The author offers a new assessment of the influence of the Vienna Circle on language study, and considers its relevance to the debate in present-day linguistics about the relative merits of 'intuitive' and 'real life' sources of data.
Siobhan Chapman is Reader in English Language at the University of Liverpool, UK. Her main field of research is work in the pragmatics of literature and stylistics.
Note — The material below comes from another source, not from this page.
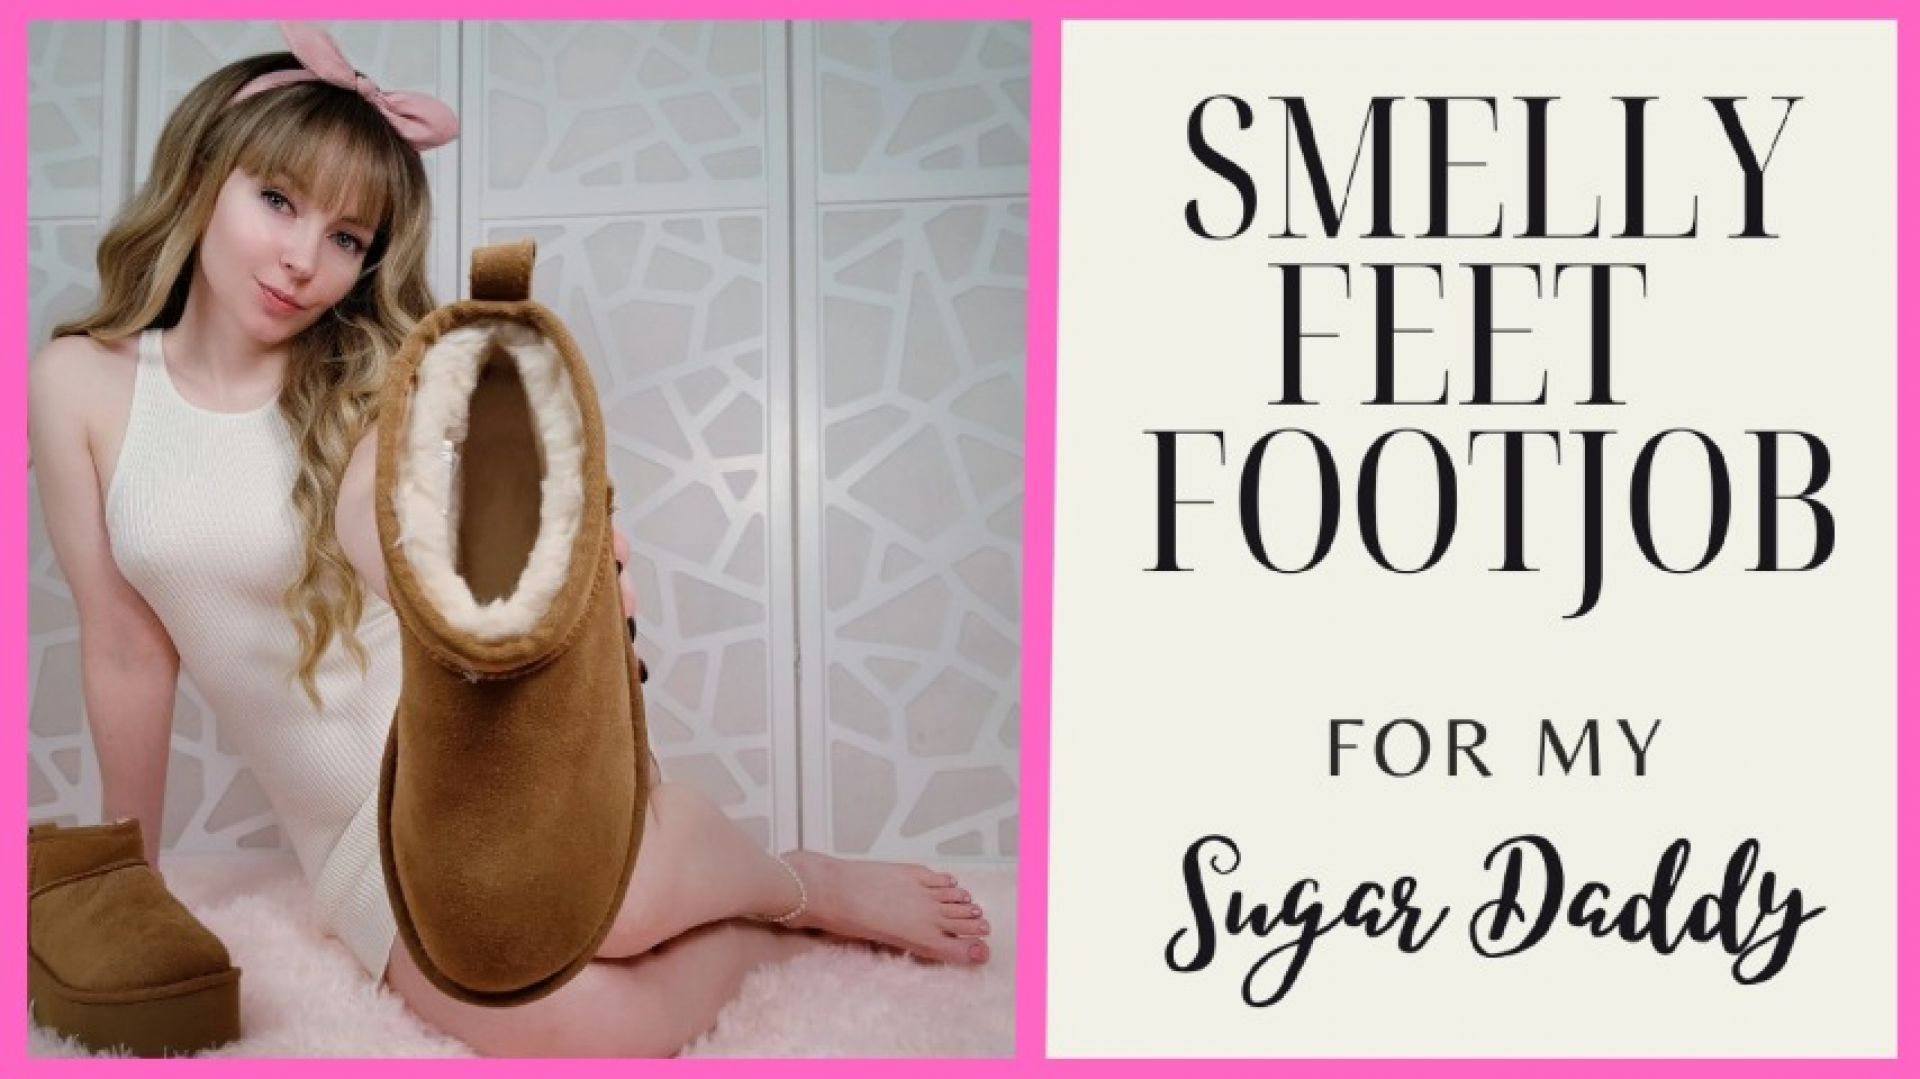 Smelly Footjob for My Sugardaddy

This book's main attraction are the two chapters on the relatively obscure leader of the "Oslo school" of philosophy, Arne Naess, who is clearly a forerunner of experimental philosophy. Naess used surveys and interviews to probe the "ordinary" meaning of philosophically significant expressions like "true" to evaluate philosophers' claims about whether certain theories of truth lined up with the view of truth held by "the man on the street". The following passage could come straight out of the most recent books on x-phi:
"Naess's cental aim in 'Truth' as Conceived by Those Who Are Not Professional Philosophers [1938!]was clear and, to the present-day linguist, uncontroversially worthwhile. Philosophers had for centuries made assumptions about what could be summarized as 'the common sense view of "truth"'. These philosophers felt confident in making pronouncements about what those outside of philosophy---'the uneducated', 'the man in the street'---believed about the term 'truth'. A whole array of competing philosophical theories of truth had been presented by means of the rhetorical device of comparing them favorably with this common sense view...Yet there was no evidence, and Naess expressed repeated and perhaps over-emphasized incredulity at this fact, that any of these philosophers had undertaken research into what non-philosophers did actually think about truth". (p.114)
Chapman's discussion of Naess's "emprical semantics" is extremely helpful, because Naess's work is difficult to get your hands on, and even when you have your hands on it, it is not very readable. Indeed, it is "esoteric in the extreme" (p.114). (At Chicago I tried skimming 'Truth' as Conceived by..., which I just stumbled on while browsing the stacks, but I didn't get very far with it.)